▶ **Saved entries**
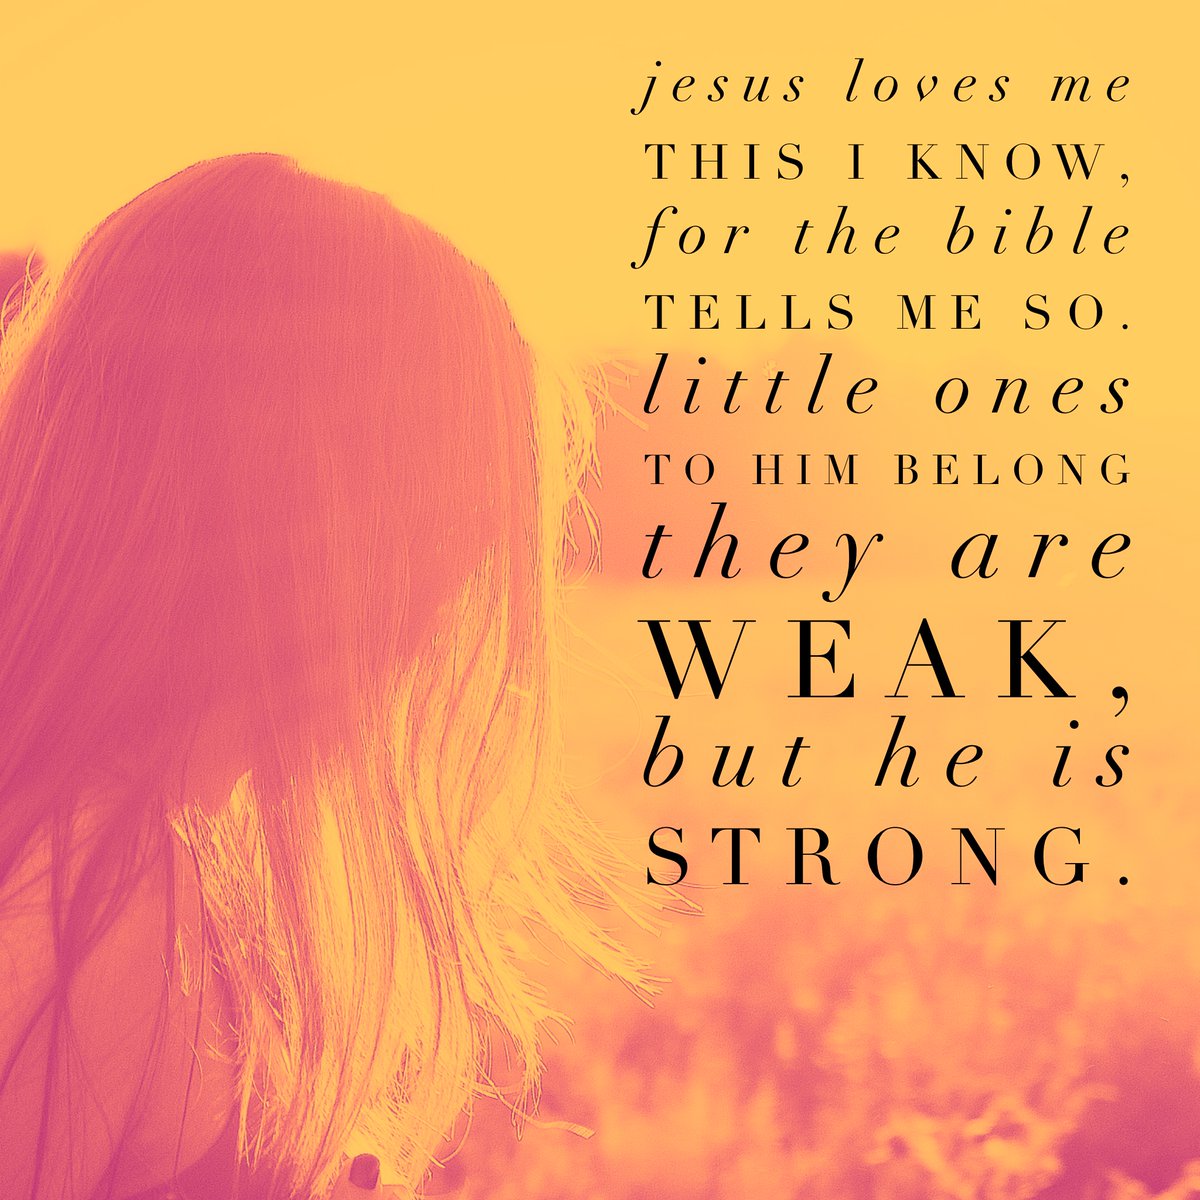 Yes, Jesus loves me. ⁣
The Bible tells me so. ⁣
⁣
#mahalokeakua #Heismystrength #ohanachurch #faithlikeachild #readyourbible
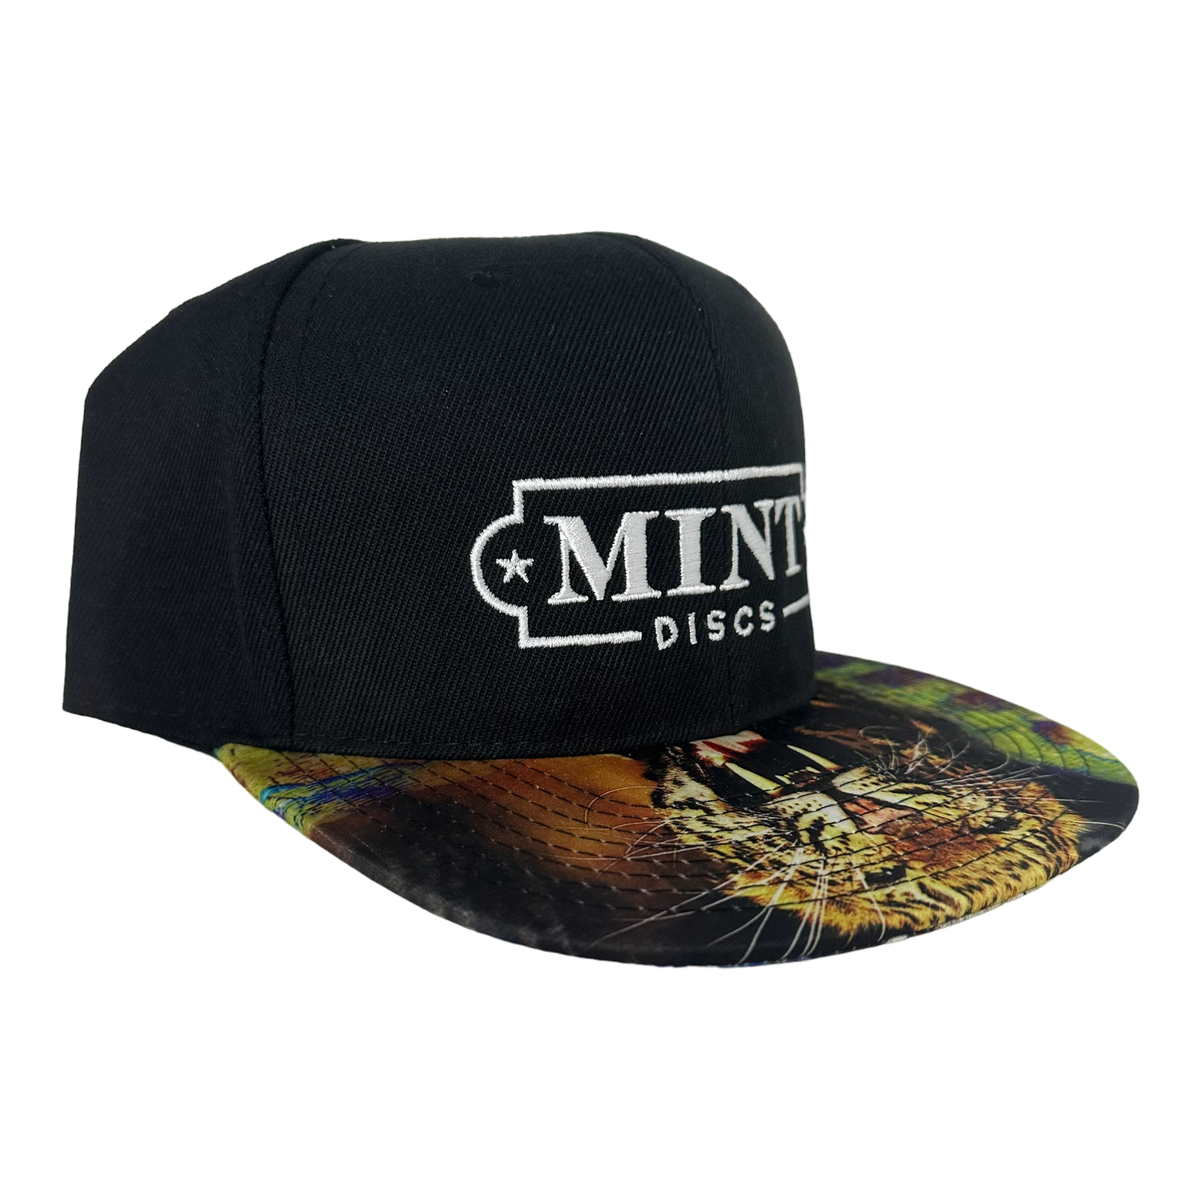 Mint Discs FlatBill Snapback Hat - Animal Print

▶ **Work instructions**
A word-for-word copy of the entries is needed, with no pictures in it.

▶ **Finished exercise**
 Yes, Jesus loves me. ⁣
The Bible tells me so. ⁣
⁣
#mahalokeakua #Heismystrength #ohanachurch #faithlikeachild #readyourbible
 Mint Discs FlatBill Snapback Hat - Animal Print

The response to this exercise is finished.